The barracks are only about 500 meters from Natalia’s house. Mobile phones do not work here to prevent the base from being located. They ask us for documentation. Everything is in order. But we shouldn’t be here, they insist. The translator explains that it was not our intention.
The colonel calls his superiors. While he receives the answer he leads us to the living room of the chalet, now converted into a dining room. The soldiers who arrive from the trenches are entering. Silent. They are young, but they are exhausted. They take a plate and plastic cutlery. The only woman in the detachment distributes the rations. The soldiers eat and go to rest for a few hours, before returning to the line of combat. While they decide what to do with us, they invite us to eat.

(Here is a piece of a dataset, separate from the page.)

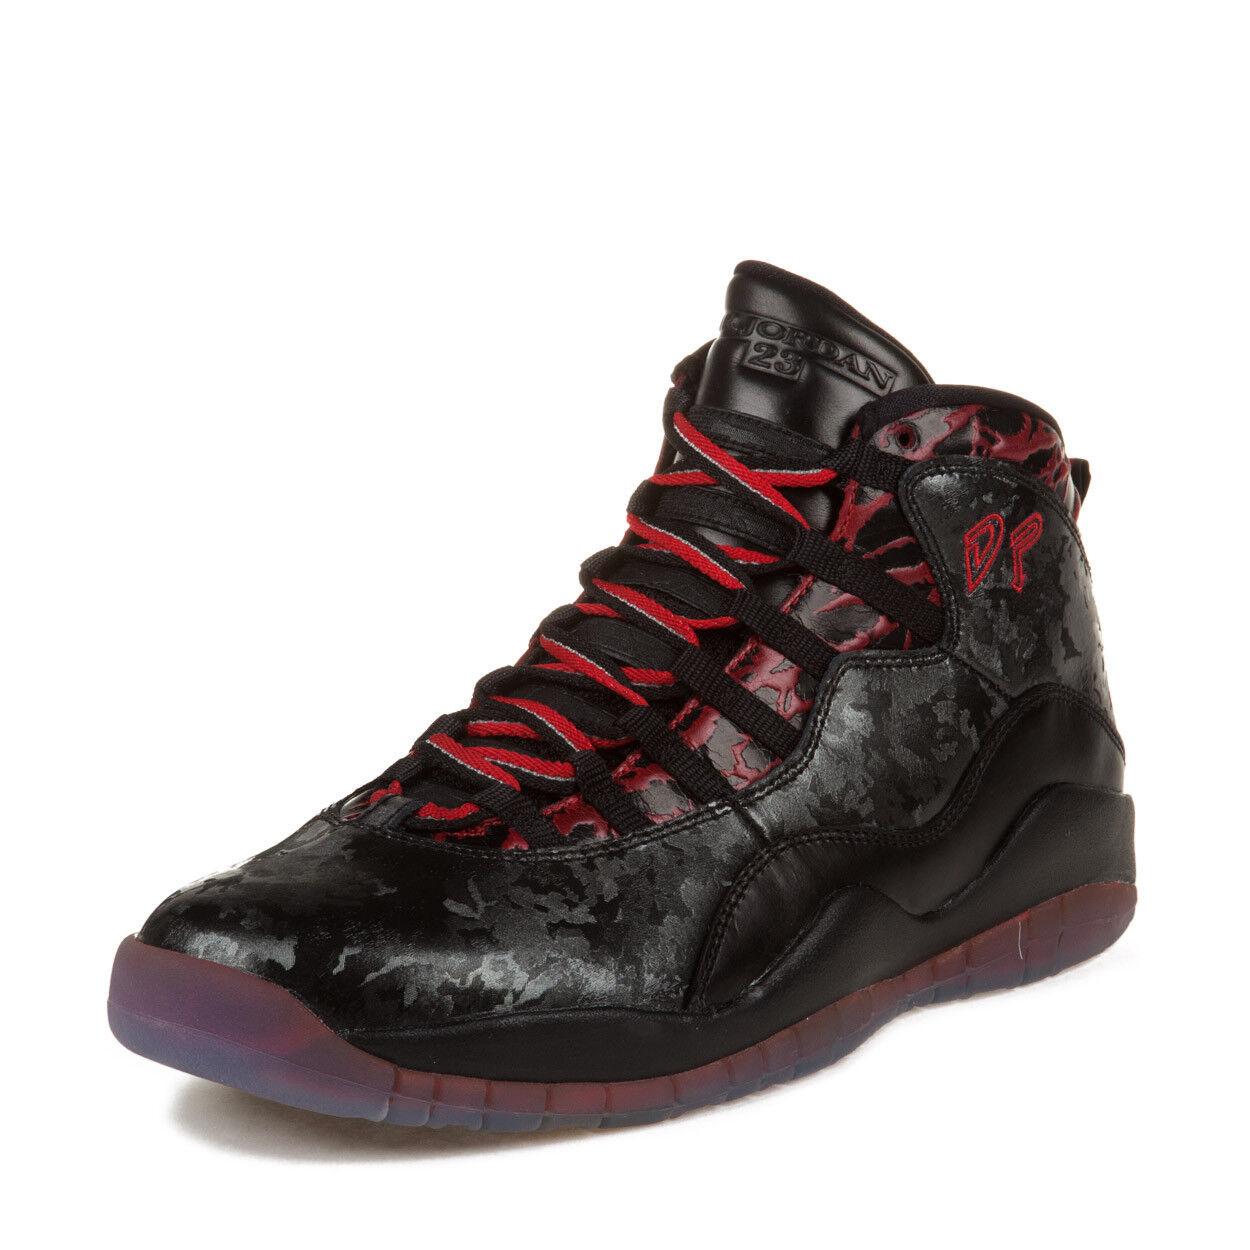 Nike Mens Air Jordan 10 Retro DB

The first dish on the menu is a meat and mushroom soup. The second is pasta with meat and an omelette with melted cheese and mayonnaise. There are also bowls with raw garlic and onions. To drink there is coffee and compot, a traditional non-alcoholic drink.
About two hours later there is already a response from Kiev. Kindly, the colonel tells us that we must get out of there, that he cannot serve us without authorization. We take the car and head to Dnipro, towards the center of the country, away from the bullets. Natalia is still there, on the war front.